ASSIGNED TASK ▸ Transcribe all the lines below exactly. Omit the pictures.

GIVEN MATERIAL ▸

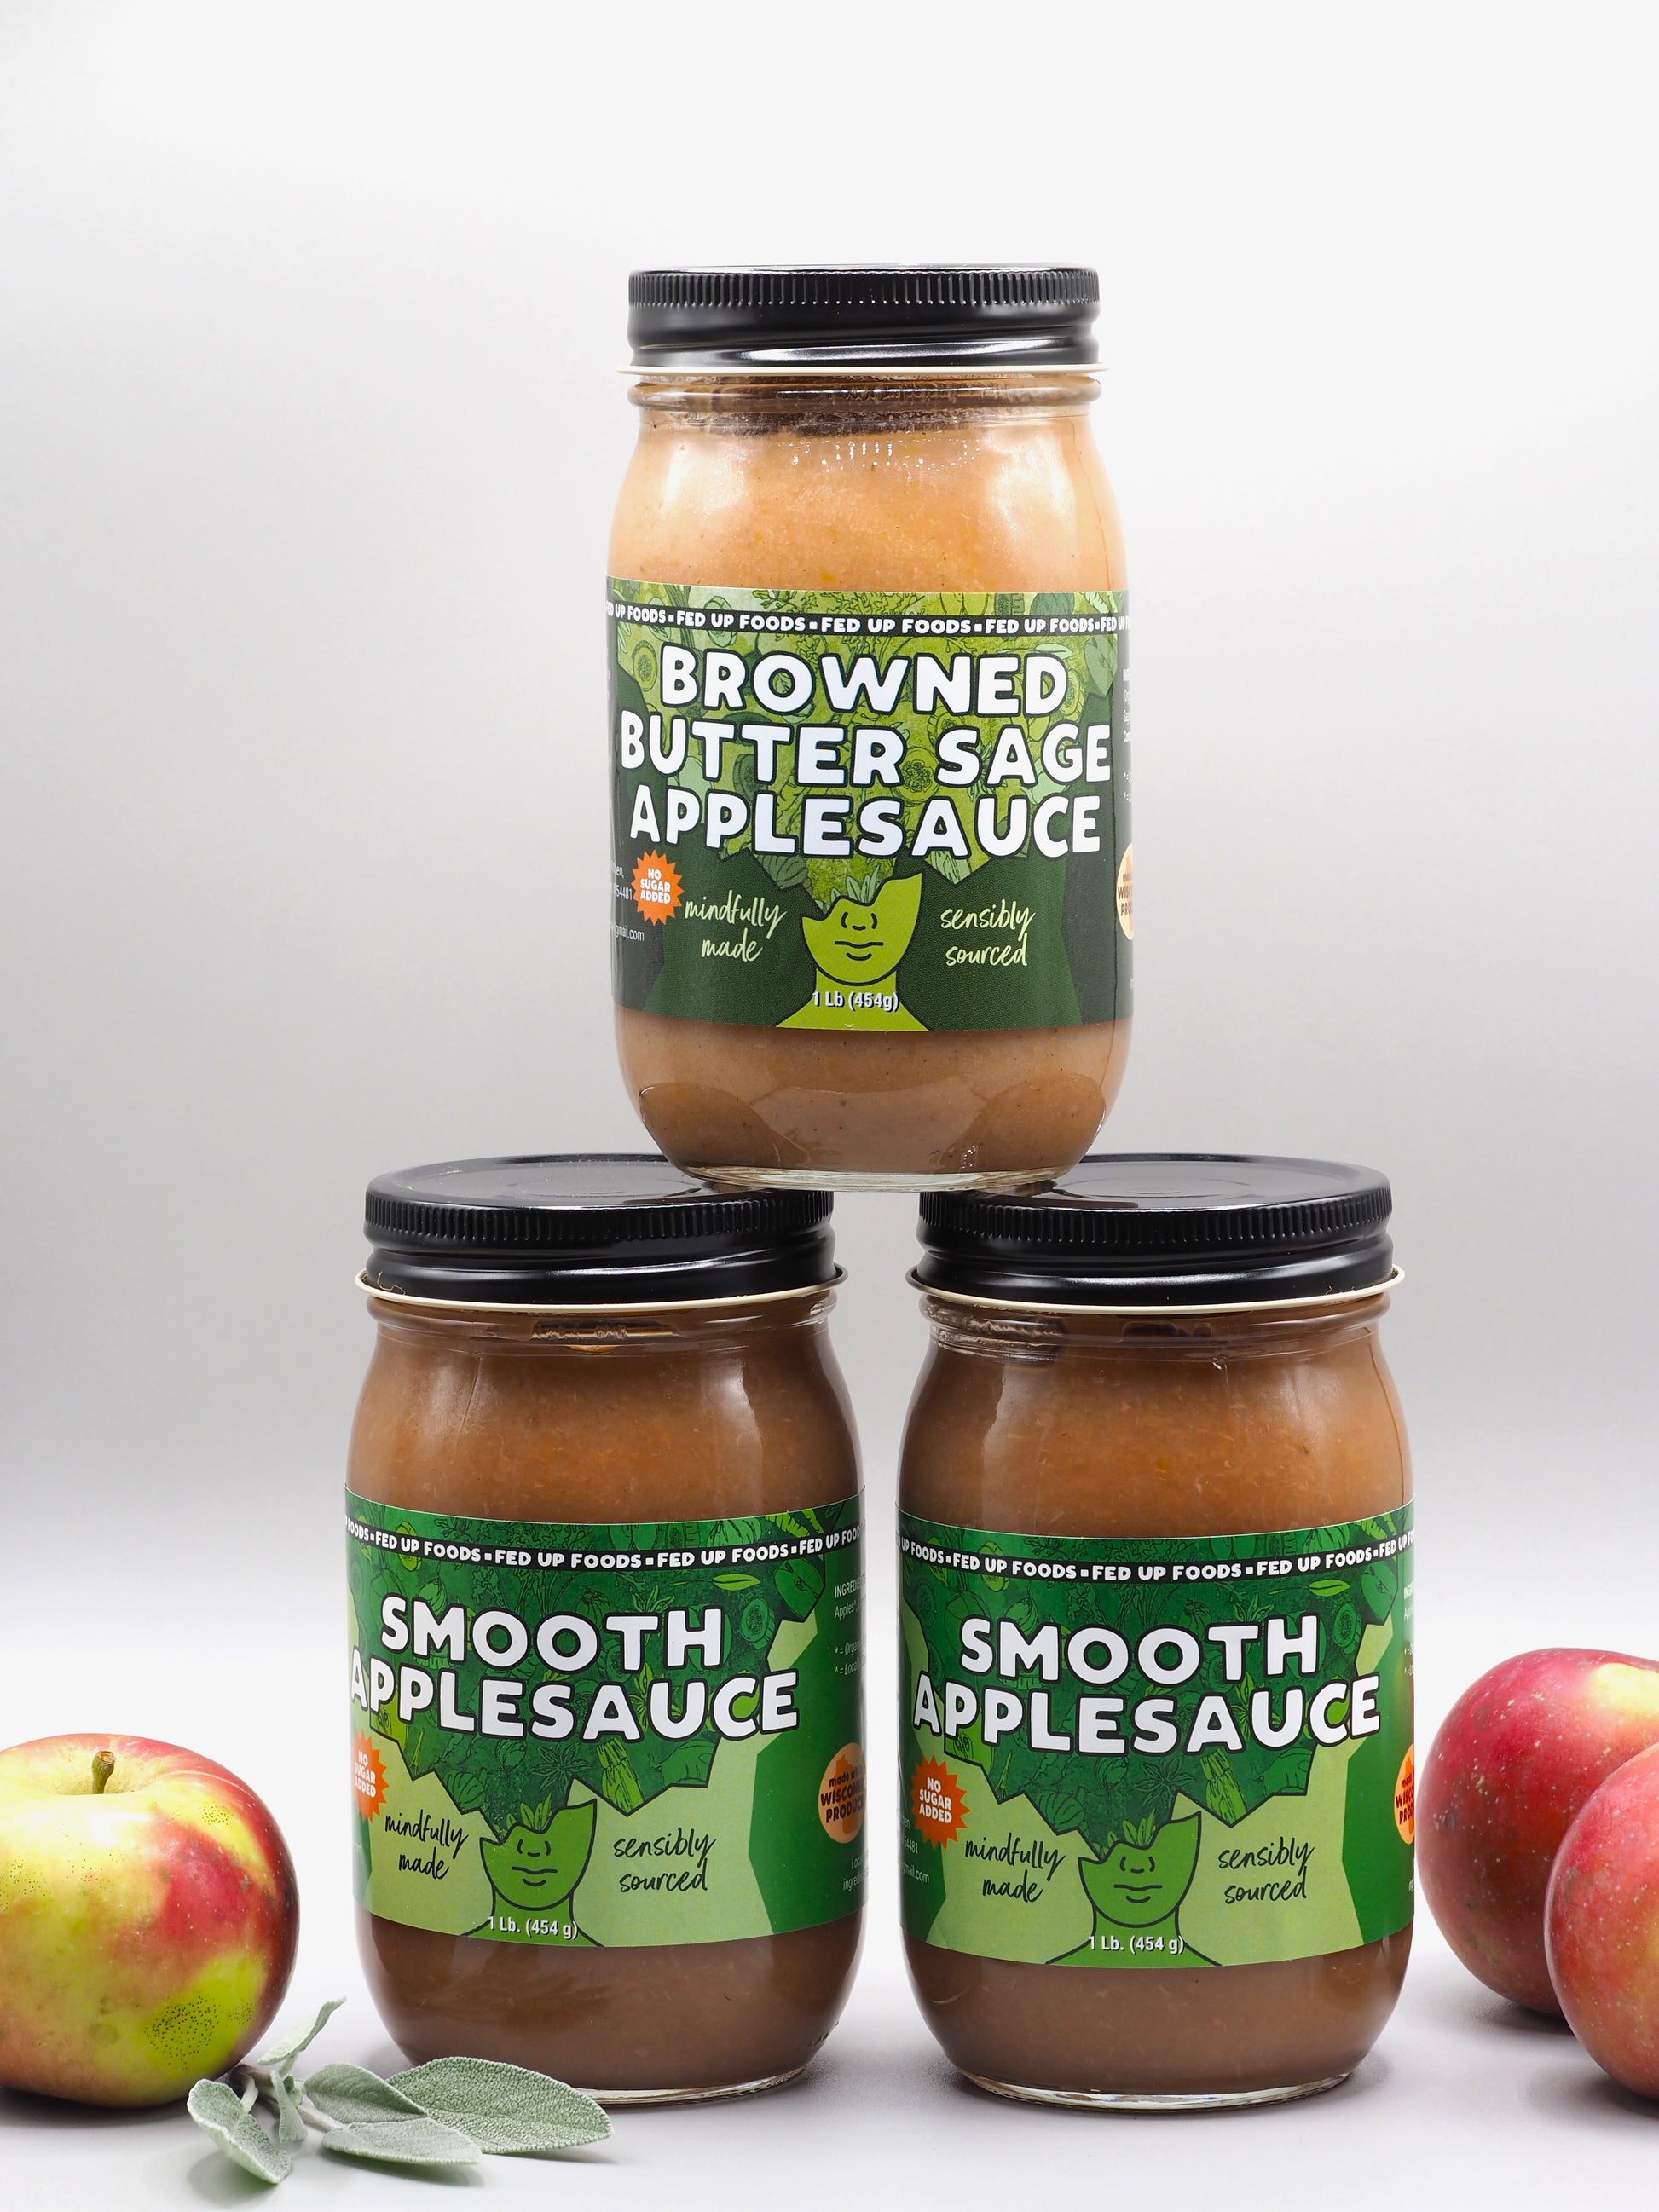 Fed Up Foods Browned Butter Sage applesauce and 2 smooth applesauces in a 3 pack variety pack
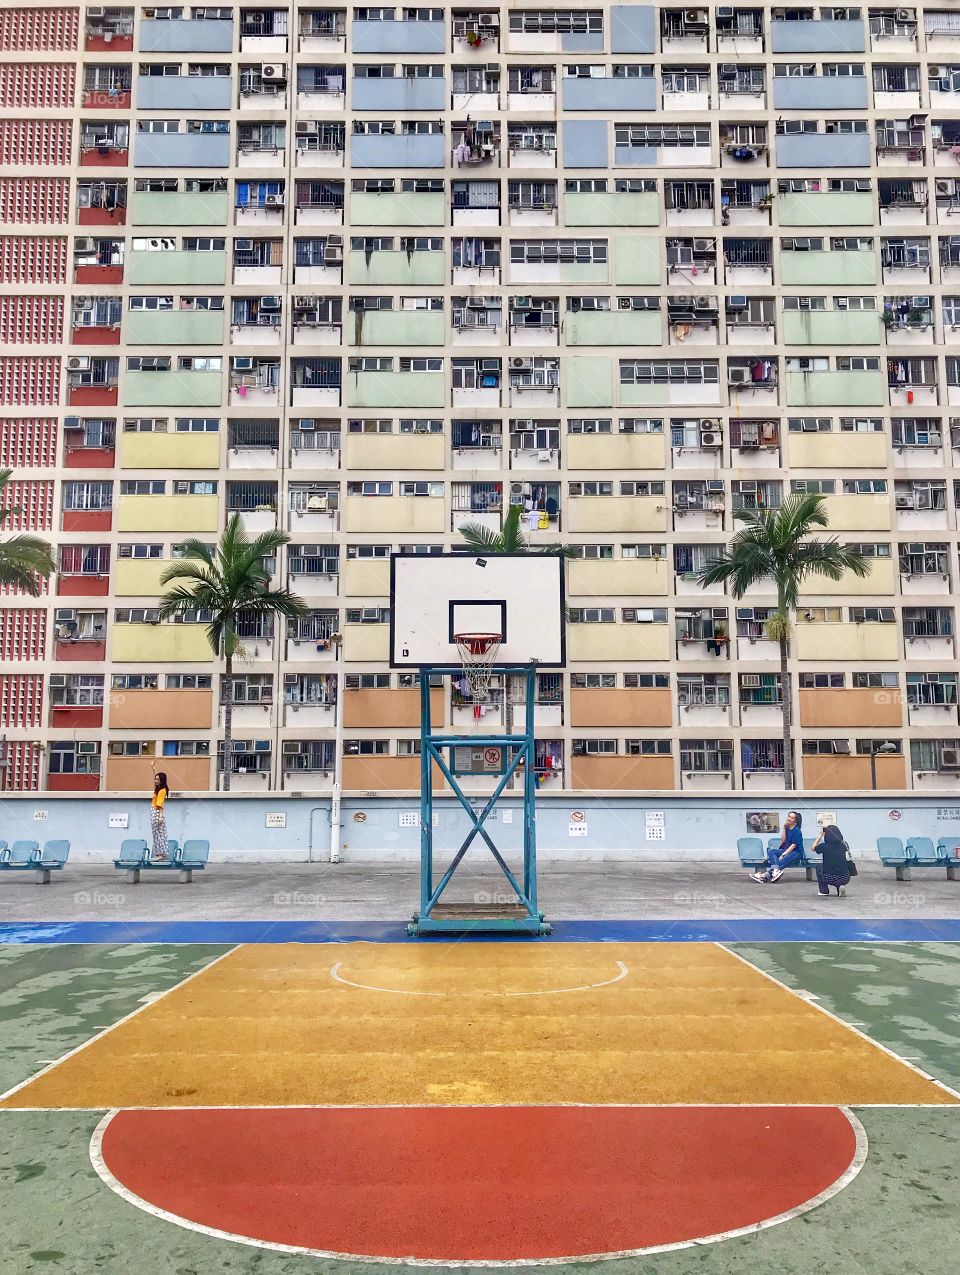 Rainbow building and basketball court
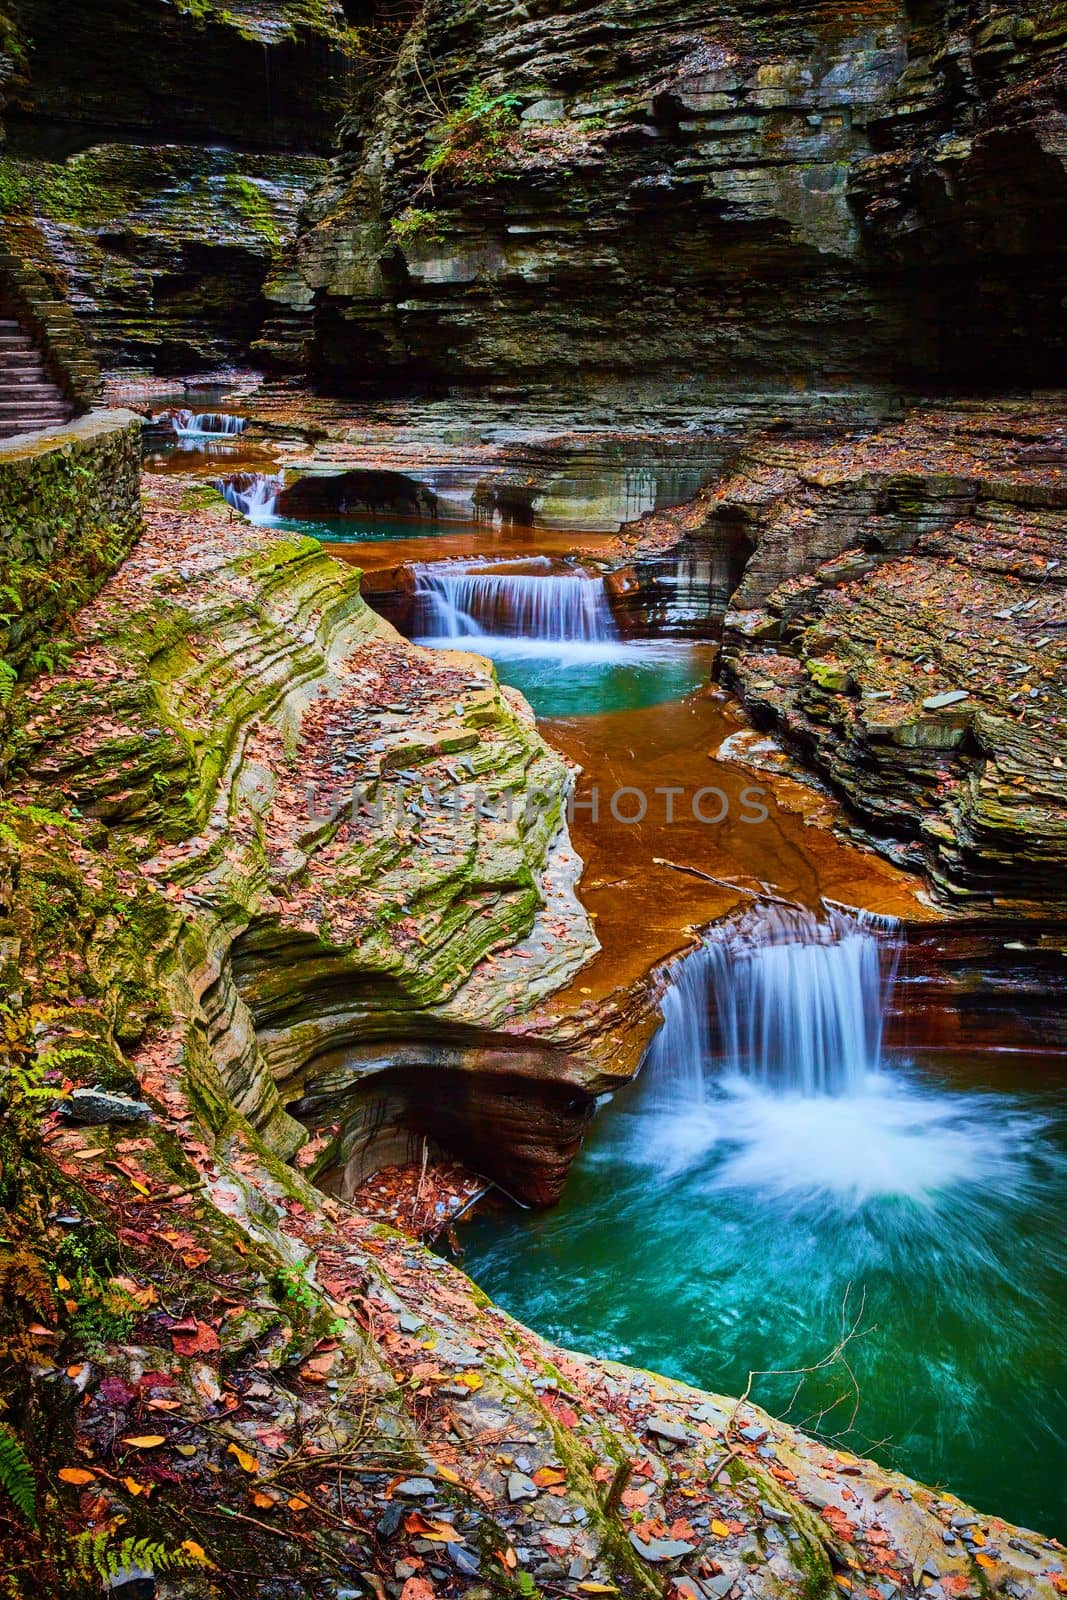 Image of River with cascading buckets of blue water and waterfalls through gorge of terraced rocks covered in fall leaves

ANSWER TO THIS EXERCISE ▸
 Fed Up Foods Browned Butter Sage applesauce and 2 smooth applesauces in a 3 pack variety pack
 Rainbow building and basketball court
 Image of River with cascading buckets of blue water and waterfalls through gorge of terraced rocks covered in fall leaves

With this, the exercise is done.